According to the illustrative embodiment, as illustrated in FIG. 2, an opposing surface 22A of the contact member 22, that is, a surface facing the pressure roller 31, is substantially flat. With this configuration, the nip portion N becomes substantially parallel to the surface of the recording medium P bearing an image, thereby allowing the fixing film 21 to closely contact the recording medium P and thus enhancing fixability.
In addition, when the recording medium P passes the nip portion N, curling and/or wrinkles can be reduced, if not prevented entirely.
Furthermore, curvature of the fixing film 21 at an exit of the nip portion N is relatively large so that the recording medium P sent out from the nip portion N can be easily separated from the fixing film 21.
The surface of the contact member 22 that slidably contacts the fixing film 21 can be coated with fluororesin. Accordingly, abrasion of the surface of the inner loop of the fixing film 21 that slidably contacts the contact member 22 fixed to the fixing device 20 can be reduced.
As illustrated in FIG. 3, the reflective plate 23 is provided opposite the contact member 22 via the infrared heater 25 (substantially above the infrared heater 25 in FIG. 2).
In particular, the reflective plate 23 is provided opposite the contact member 22 with the infrared heater 25 therebetween. The reflective plate 23 extends in the width direction W. The reflective plate 23 is provided apart from the infrared heater 25.
The reflective plate 23 is formed of mirror-finished aluminum and disposed such that the reflective plate 23 reflects infrared radiation emitted from the infrared heater 25 to the contact member 22.
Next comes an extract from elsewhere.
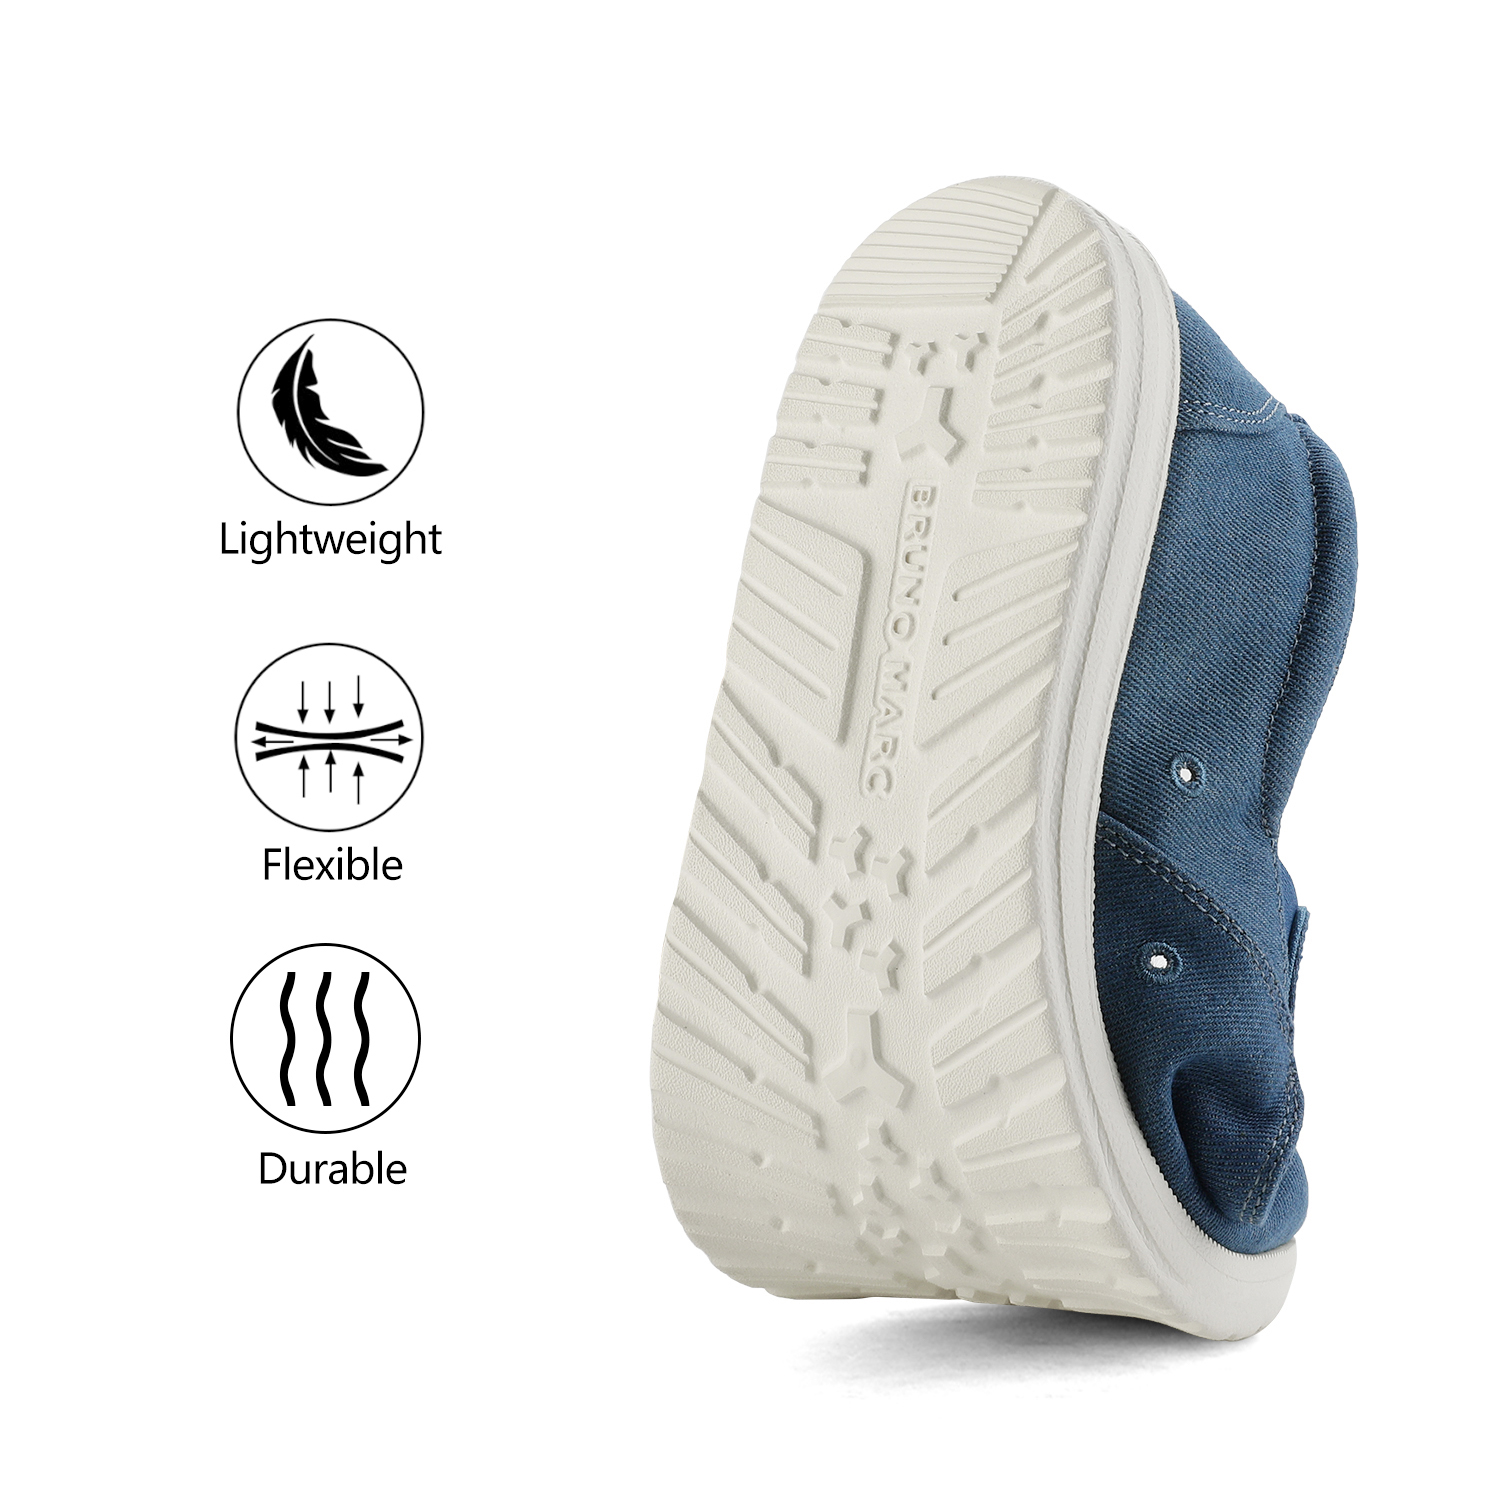 Bruno Marc Men's Slip On Loafer Walking Shoes SUNVENT-01 BLUE/DENIM size 12 - image 3 of 6

Accordingly, the radiant heat or the infrared radiation emitted from a heating element 250 described later is prevented from escaping to the side opposite the contact member 22. In other words, the radiant heat (the infrared radiation) emitted from the heating element 250 to the reflective plate 23 is reflected by the reflective plate 23 and enters the contact member 22, thereby enhancing heating efficiency of the contact member 22.
Alternatively, an opposing surface 22B of the contact member 22, that is, a surface facing the infrared heater 25, may be provided with an infrared radiation absorber that absorbs infrared radiation. In particular, the opposing surface 22B of the contact member 22 may be coated in black. Accordingly, infrared absorption of the contact member 22 can be enhanced, thus enhancing heating efficiency of the contact member 22.
With reference to FIGS. 3, and 4, a description is provided of the retainer 24. FIG. 4 is a schematic diagram partially illustrating the fixing device 20 as viewed from the direction of sheet transport.
As illustrated in FIGS. 3 and 4, the retainer 24 is substantially long in the width direction W and formed of heat resistant resin material. The retainer 24 is inserted into and through the inner loop of the fixing film 21 in the width direction W, both ends of the retainer 24 projecting from the ends of the fixing film 21.
Both ends of the retainer 24 that project from both ends of the fixing film 21 in the width direction W are supported by holders 27, each of which is mounted to a side plate of the fixing device 20, not illustrated, and serves as a second retainer.
The retainer 24 integrally holds the contact member 22, the reflective plate 23, and the infrared heater 25. The infrared heater 25 is held such that end portions 25A and 25B of the infrared heater 25 are held by the retainer 24 through the holders 27. The end portions of the retainer 24 in the width direction W and the holders 27 are fastened together by screws.
Each of the holders 27 includes a hole through which the end portions 25A and 25B of the infrared heater 25 can be relatively loosely inserted. As briefly mentioned above, each of the holders 27 is mounted to the side plate of the fixing device 20, not illustrated.
Alternatively, as illustrated in FIG. 5, one of the holders 27 can be detachably mountable relative to the retainer 24 and the side plate of the fixing device 20. With this configuration, as illustrated in FIG. 5, merely the infrared heater 25 can be separated from the retainer 24 or the fixing device 20.
As illustrated in FIG. 4, a compression spring 28 is provided at each end of the retainer 24 in the width direction W. Accordingly, the contact member 22 is urged against the pressure roller 31, forming the nip portion N.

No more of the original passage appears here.